Quercus × alvordiana

Scientific classification
- Kingdom: Plantae
- Clade: Tracheophytes
- Clade: Angiosperms
- Clade: Eudicots
- Clade: Rosids
- Order: Fagales
- Family: Fagaceae
- Genus: Quercus
- Species: Q. × alvordiana
- Binomial name: Quercus × alvordiana Eastw.
- Synonyms: Quercus dumosa var. alvordiana (Eastw.) Jeps.

= Quercus × alvordiana =

- Genus: Quercus
- Species: × alvordiana
- Authority: Eastw.
- Synonyms: Quercus dumosa var. alvordiana (Eastw.) Jeps.

Hybrid species of oak tree

Quercus × alvordiana, the Alvord oak, is a hybrid oak in the genus Quercus. It is a naturally occurring hybrid between Quercus douglasii and Quercus john-tuckeri.

==Distribution==
This hybrid is found throughout dry foothills of the Inner Coast Ranges (Diablo, Gabilan, Caliente, Temblor, Santa Lucia, Griswold Hills, etc.),Transverse Ranges (Tehachapi Mountains & Sierra Pelonas) and the southernmost portion of Sierra Nevada foothills.

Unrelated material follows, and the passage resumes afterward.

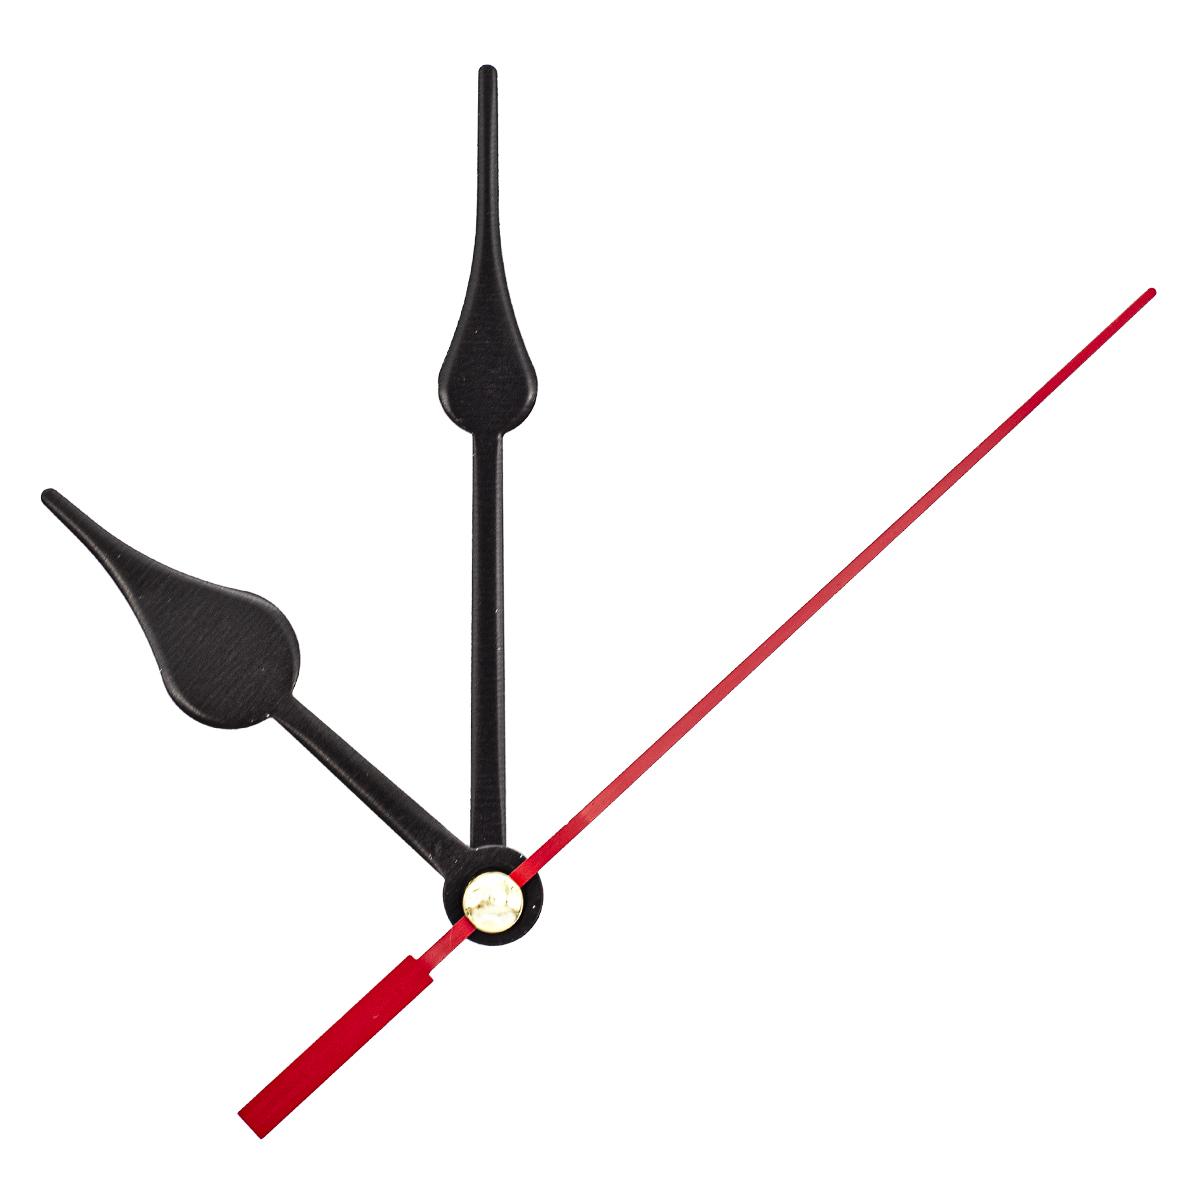 картинки стрелок часов эмиграцию францию
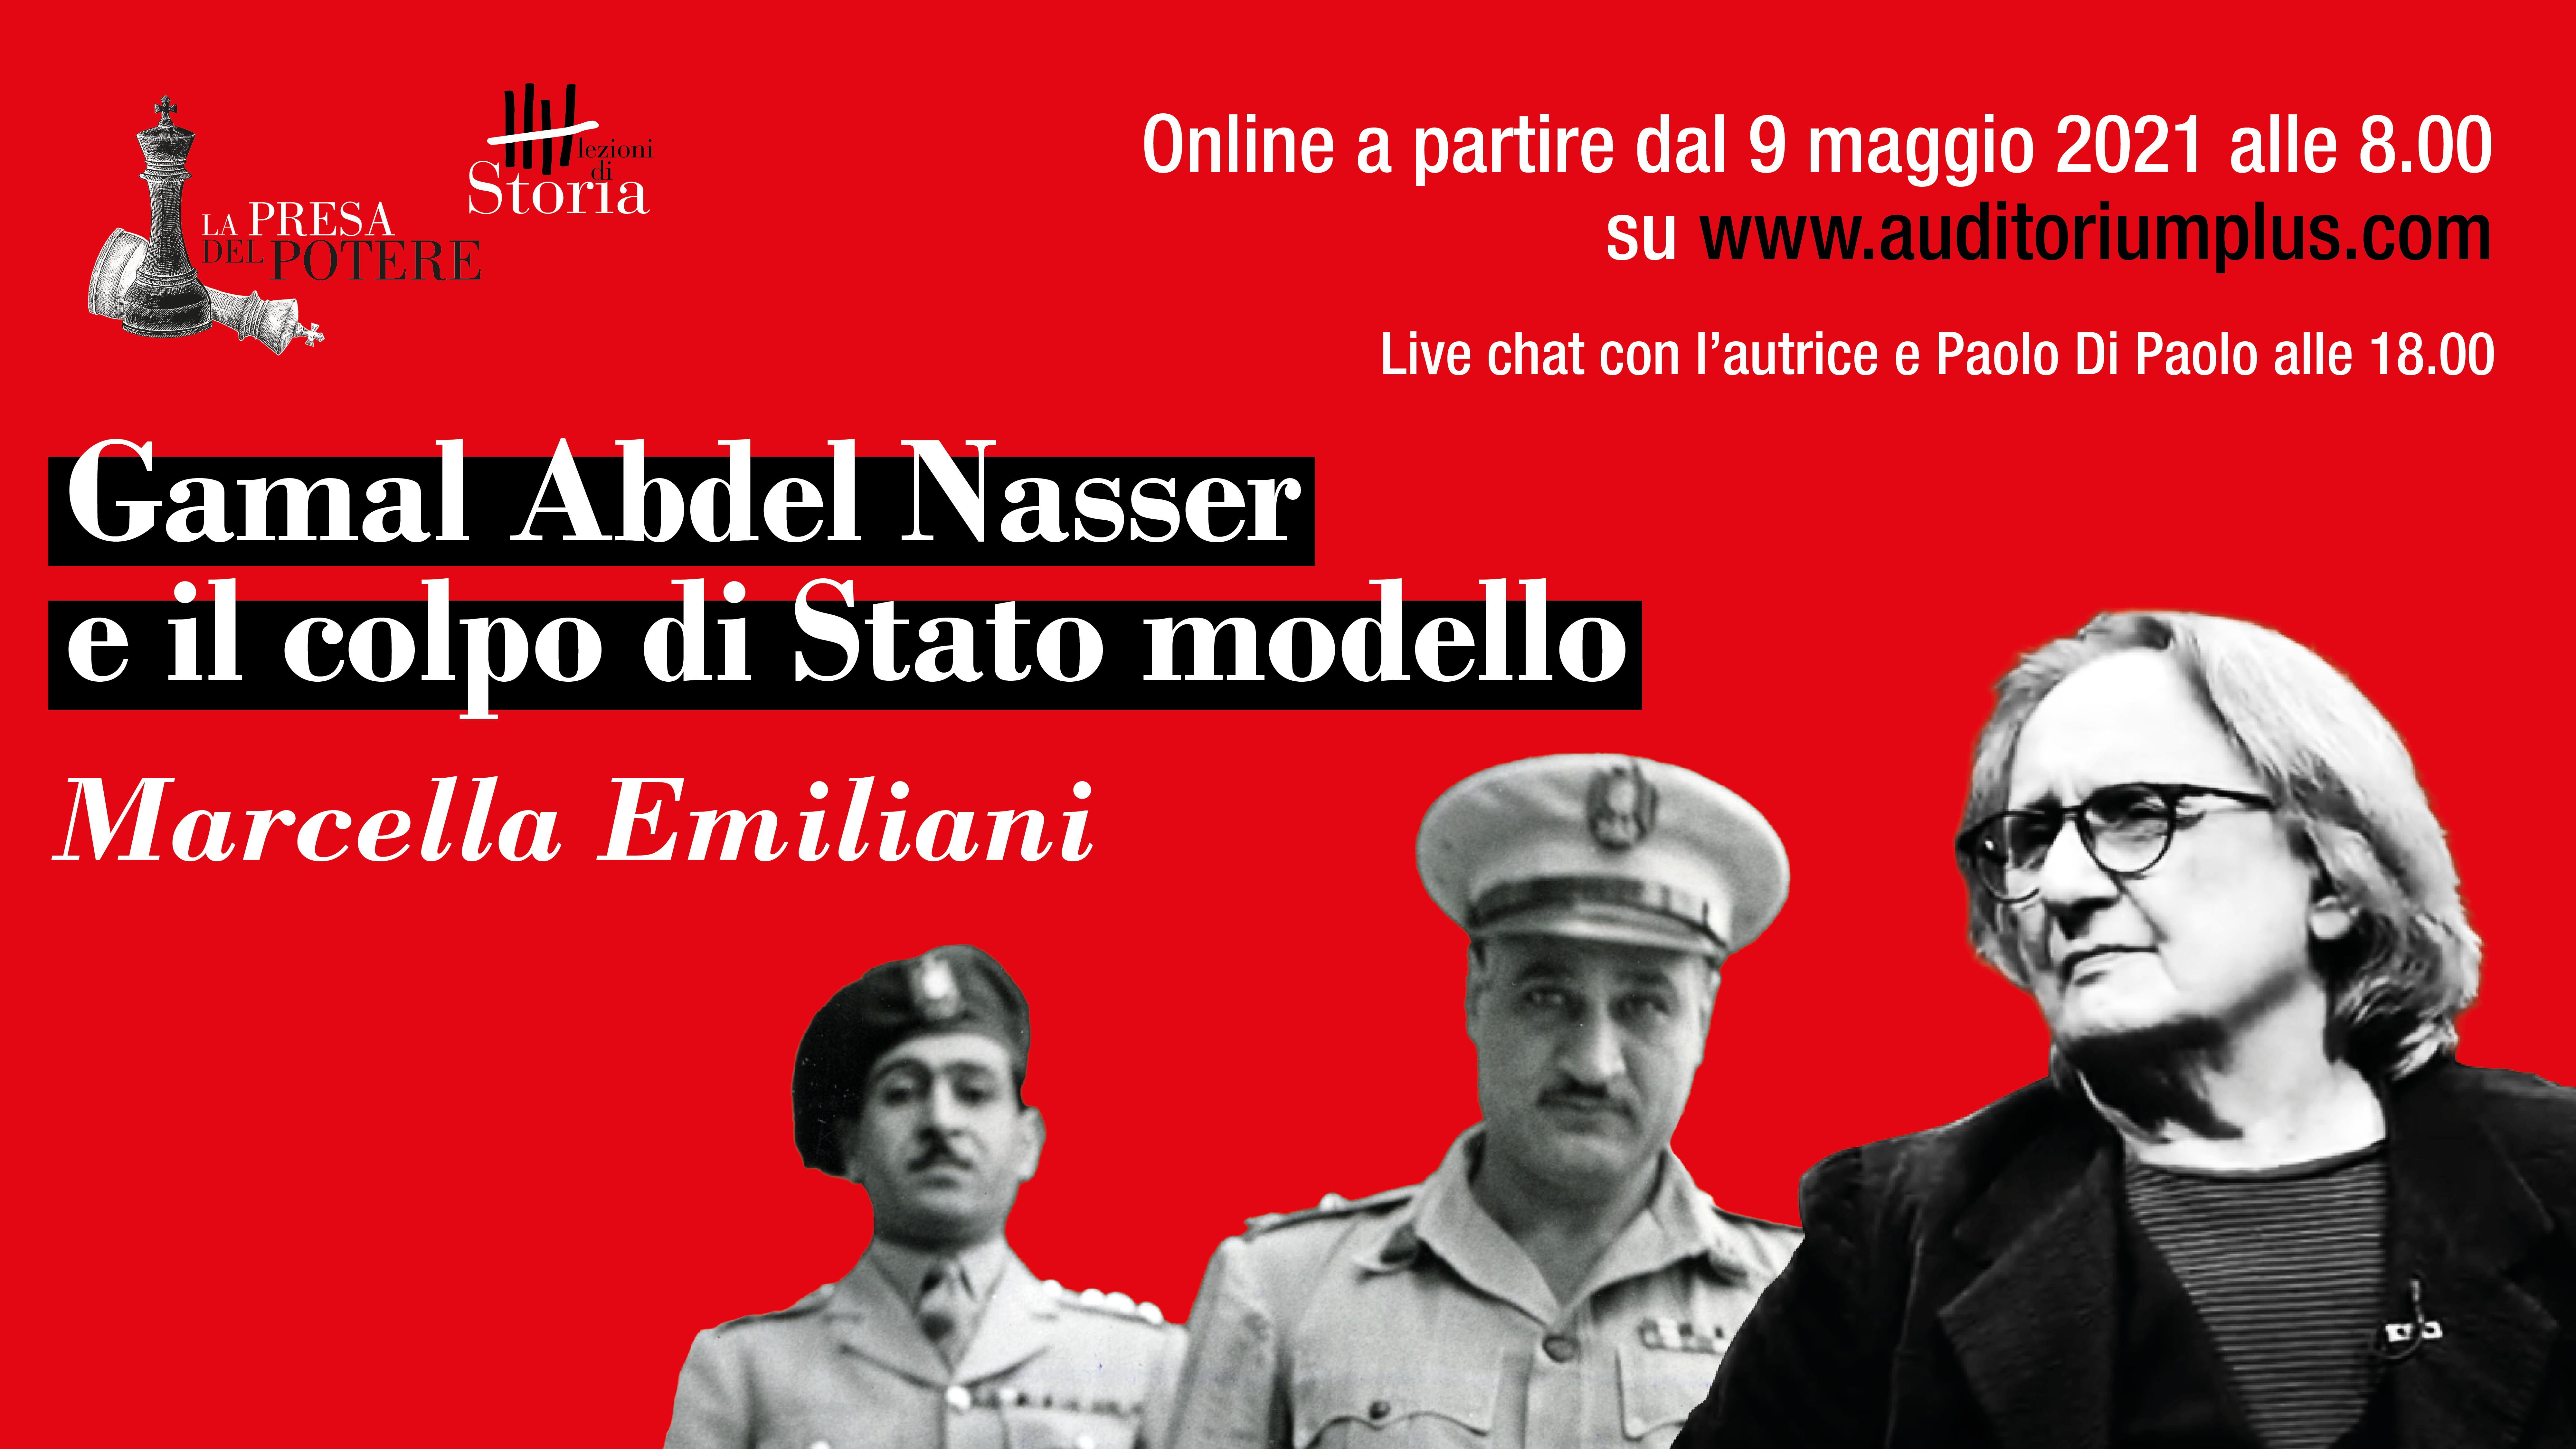 Gamal Abdel Nasser e il colpo di Stato modello

In certain xeric areas, hybrid swarms of Quercus x alvordiana become the dominant oak tree.

==Description==
Quercus × alvordiana is generally semi-evergreen, but is highly variable. The growth structure is fairly arborescent, usually multi-trunked, and can reach up to 6 meters (20 feet) in height.